Llama comediantes, hipócritas, charlatanes, a los que exhibían sus rezos y sus ofrendas al son de trompetas en las esquinas y en las plazas o desfiguraban «la cara para hacer ver a la gente que ayunan» (16). Es una crítica mordaz al eterno problema del fariseísmo, enfermedad que puede atacar a todos, pero que se ceba especialmente en las gentes de Iglesia, «personas en riesgo», como los fariseos de su tiempo. Con razón, una de las críticas históricas a la Iglesia como institución y a sus representantes ha sido precisamente la de la ostentación, el boato, la apariencia, el culto a la imagen.

6,9-15 El Padrenuestro. Todas las religiones tienen su oración especial, la que define su identidad y queda grabada en la memoria colectiva de sus seguidores. Para los cristianos es el Padrenuestro u oración dominical –de «dominus», «señor» en latín–, porque ha salido de los labios del Señor. Lucas (11,1) dice explícitamente que fue enseñada por Jesús a petición de los discípulos. Mateo lo deja entender (9).
La versión que nos da Mateo es más elaborada que la de Lucas, quizás porque así se rezaba ya en las comunidades cristianas a las que dirige su evangelio. Con esta oración pedimos, agradecemos y nos renovamos. Contiene una invocación y siete peticiones, tres en honor de Dios (su nombre, su reino, su voluntad); cuatro a favor nuestro (nuestro pan, nuestras ofensas, nuestras tentaciones, los males que nos acechan).
La gran novedad de la oración dominical está en la primera palabra con la que comienza: «Padre», de la que surge espontáneamente y cobra verdadero sentido todo lo demás. Si bien la expresión «Padre» referida a Dios es frecuente en la tradición bíblica del Antiguo Testamento, nunca se había llegado más allá de un significado simbólico: Dios era padre del pueblo en general o se comportaba como un padre. En Jesús, el símbolo se hace realidad; Dios es realmente su padre, al que llama con el diminutivo entrañable con que los niños se dirigen a la persona que les dio la vida: «abba», «papá» en arameo. Pero no sólo es su padre, sino también nuestro padre; de cada uno en particular y de todos como familia suya y hermanos de su Hijo primogénito. Todo el Nuevo Testamento es revelación de este misterio de salvación (cfr. Rom 8,15; Ef 2,18; 3,12; Heb 10,17-20).
Aunque por razón de su cultura patriarcal los evangelistas no se atreven a llamar a Dios «madre», hoy día, libres ya de esos condicionamientos culturales, no expresaríamos adecuadamente toda la dimensión de nuestra relación filial con Dios si no nos dirigiéramos a Él/Ella como «Padre-Madre que estás en el cielo», o simplemente «Padre-Madre Dios», ya que la expresión «que estás en el cielo» es una expresión que encubre el nombre de Dios, y que el israelita, por respeto, no se atrevía a pronunciar.
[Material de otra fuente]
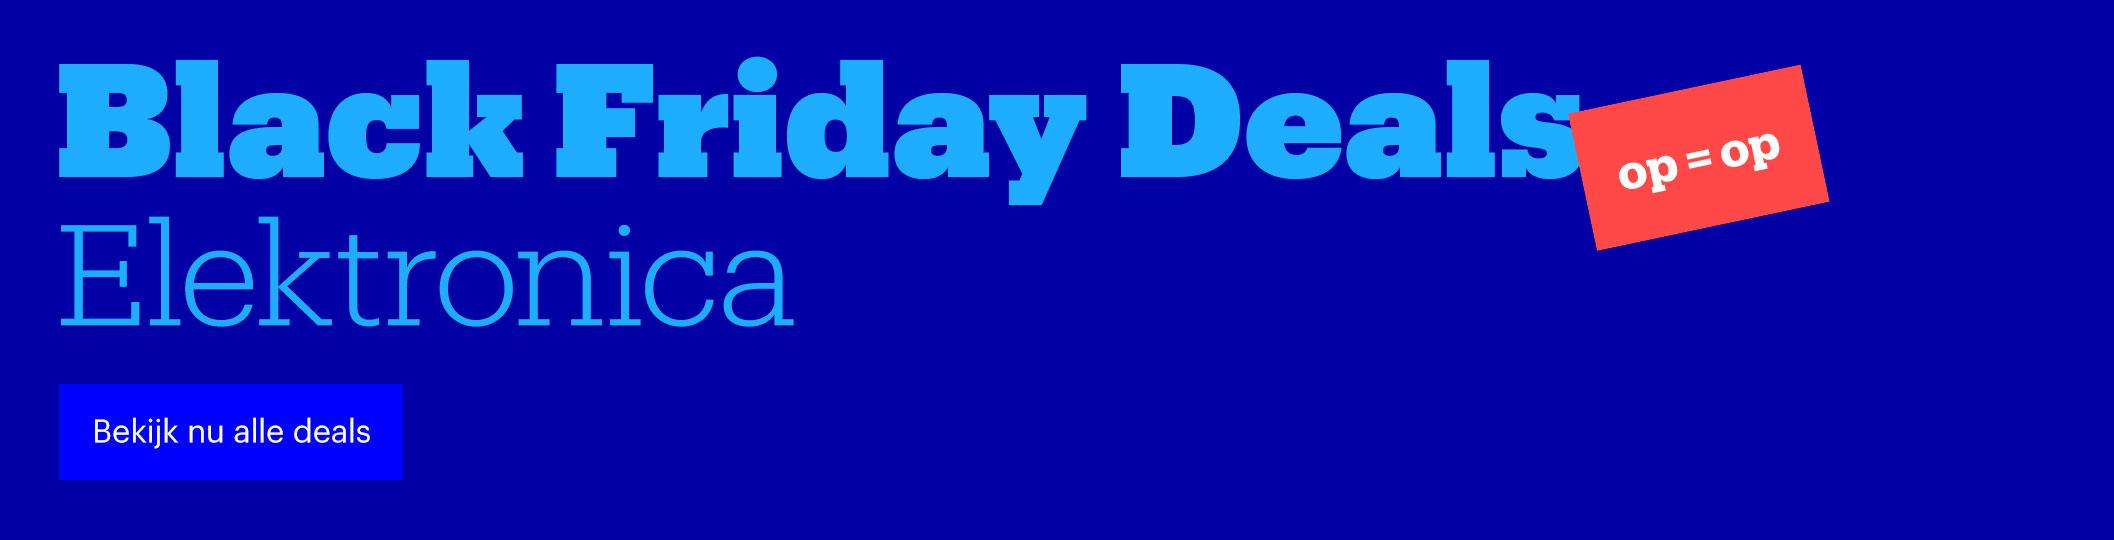 Black Friday deals | Elektronica

Las tres primeras peticiones, tu nombre, tu reino, tu voluntad, son en realidad una sola: el deseo ardiente de que su paternidad-maternidad se haga presente eficazmente en el mundo. El nombre, el reino y la Ley son tres ejes sacados del Antiguo Testamento que expresan cómo debe ser la nueva relación con Dios.
El nombre en la tradición bíblica es sinónimo de la identidad de la persona; apelar al nombre de Dios es invocar el esplendor de su presencia activa en medio de nosotros. Es una petición de fe.
«Venga tu reino» (10) es la otra cara de la fe: el deseo y la esperanza de que el ejercicio de su poder (es decir el reinado de Dios, tema central de la predicación de Jesús), vaya cambiando la realidad presente hasta su futura y plena transformación.
La petición «hágase tu voluntad en la tierra como en el cielo» (10) no es fatalismo ni espera pasiva, sino que expresa el compromiso activo del orante, consecuencia de la fe y de la esperanza, a colaborar activamente para que el reinado de Dios se vaya haciendo realidad aquí y ahora.
Las cuatro peticiones restantes nos muestran que la relación renovada con Dios sólo es posible en la relación renovada entre nosotros. De ahí que esas cuatro peticiones sean para la comunidad y se refieren a cuatro necesidades: el orante pide a su Padre-Madre Dios la fuerza para el camino, para empezar, el alimento de cada día: «danos hoy el pan nuestro de cada día» (11). Esta expresión de Mateo deja abierta una variedad de sentidos que no se excluyen entre sí, sino que contribuyen a presentar todo el arco de las necesidades humanas: el alimento terreno, el pan del pobre y del necesitado y, sobre todo, el alimento definitivo del reinado de Dios, anticipado en el pan de la Eucaristía.
Finalmente, y dada la condición pecadora del orante, se pide el perdón de nuestras ofensas (12) con el compromiso añadido de perdonar a los que nos ofenden, el auxilio en la prueba y la protección contra el maligno. El perdón es un punto central en la oración cristiana. El mal como realidad o el Maligno como causante del mal tienen en cada momento su figura histórica. Atrevernos a delimitarlo y a llamarlo por su nombre en cada coyuntura histórica es un ejercicio de discernimiento cristiano y una exigencia de la dimensión profética de nuestra fe. Así termina la oración cristiana que, en su brevedad, resume todo el evangelio.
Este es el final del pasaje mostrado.